More than two dozen young Nigerian women who drowned during a migrant crossing from Libya were honoured Friday with an interfaith funeral.
The ceremony closes out a gruesome new chapter in the years-long tragedy of desperate migrants trying to reach Europe and dying along the way.
To date, only two of the 26 women whose bodies were recovered November 3 by Spanish rescue ships have been identified: Marian Shaka, a Muslim, and Osato Osara, a Christian.
Prosecutors are working to contact relatives of the others, using phone numbers the women had hidden in their clothes before setting off from Libya’s lawless shores.
So far, investigators have reached family members of three of them. Relatives were able to provide general descriptions of their girls and confirmed they hadn’t heard from them.
Autopsies showed all but one drowned. The other had internal bleeding from a ruptured liver as a result of blunt trauma before falling in the water. None bore signs of recent physical or sexual abuse, prosecutors said in a statement Friday. Two of the women were pregnant.
Overall, 100 people were believed to have drowned in the crossing. The other bodies were lost at sea. They had all set off aboard a blue rubber raft. Sixty-four survived.
On Friday, 26 wooden coffins were laid out in a circle in the middle of Salerno’s cemetery for the interfaith funeral ceremony. There was no indication the Nigerian Embassy or Consulate sent a representative.
Salerno Archbishop Luigi Moretti told the crowd that the women “lost their lives as they were seeking freedom and a better life.”
“And we give the last farewell not only to the 26 girls but also to two lives that these girls were carrying in their wombs,” he added.
Imam Abderrhmane Es Sbaa offered a prayer before he and Moretti blessed the coffins, with Moretti sprinkling holy water on them. The crowd silently passed by, placing white roses on each one.
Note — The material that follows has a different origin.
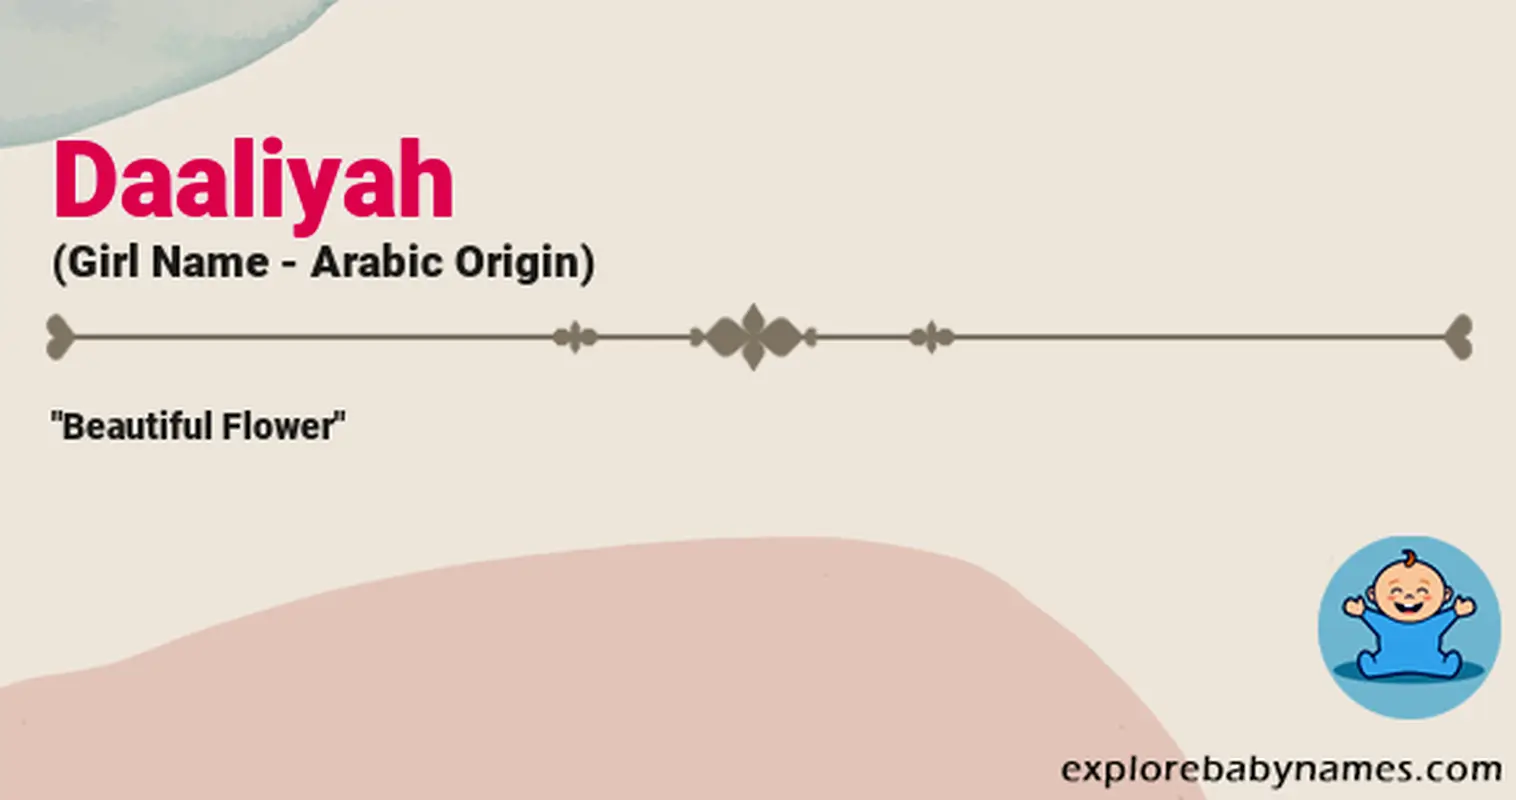 Meaning of Daaliyah
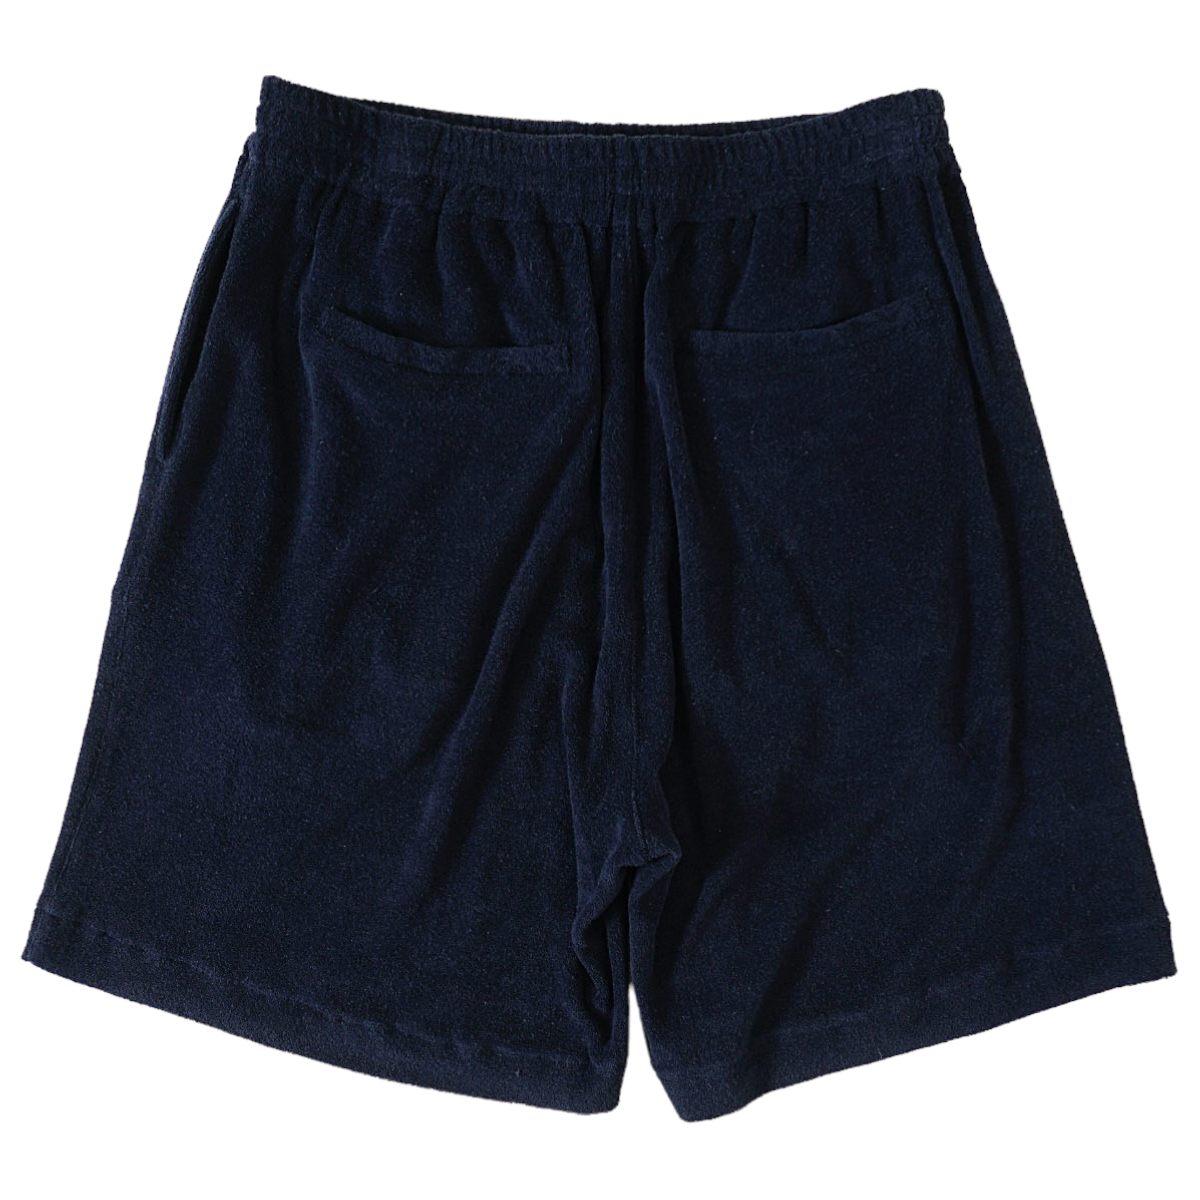 UNIVERSAL PRODUCTS《ユニバーサルプロダクツ》COTTON LINEN PILE SHORTS(231-60507) -  BlackSheep【ブラックシープ】Official Online Store

Overall this year, nearly 168,000 migrants have arrived in Italy, a 32-percent decline over last year thanks to a deal Italy struck with the Libyan government and its militias to curb the exodus. The U.N. refugee agency estimates around 3,000 have died trying, though the number is likely much higher given the unknown number of shipwrecks that are never reported.
It’s not clear whether the 26 women were part of the huge human trafficking business that brings thousands of Nigerian women to Italy every year to work as prostitutes.
The past three years have seen a 600-percent increase in potential sex trafficking victims arriving in Italy, most of them from Nigeria, according to the International Organization for Migrants (IOM).
IOM statistics show 1,454 girls arrived from Nigeria in 2014 and the number soared to 11,009 in 2016.
Alessandra Galatro, who works to help young Nigerian women escape prostitution, came to the funeral with a group of Nigerian girls who stood at a distance during the ceremony then shyly approached the coffins at the end, gently touching them one by one.
“It is not easy for them because they have all made that crossing, that journey,” Galatro said. “The cruelty that these women faced in Libya, they all experienced.”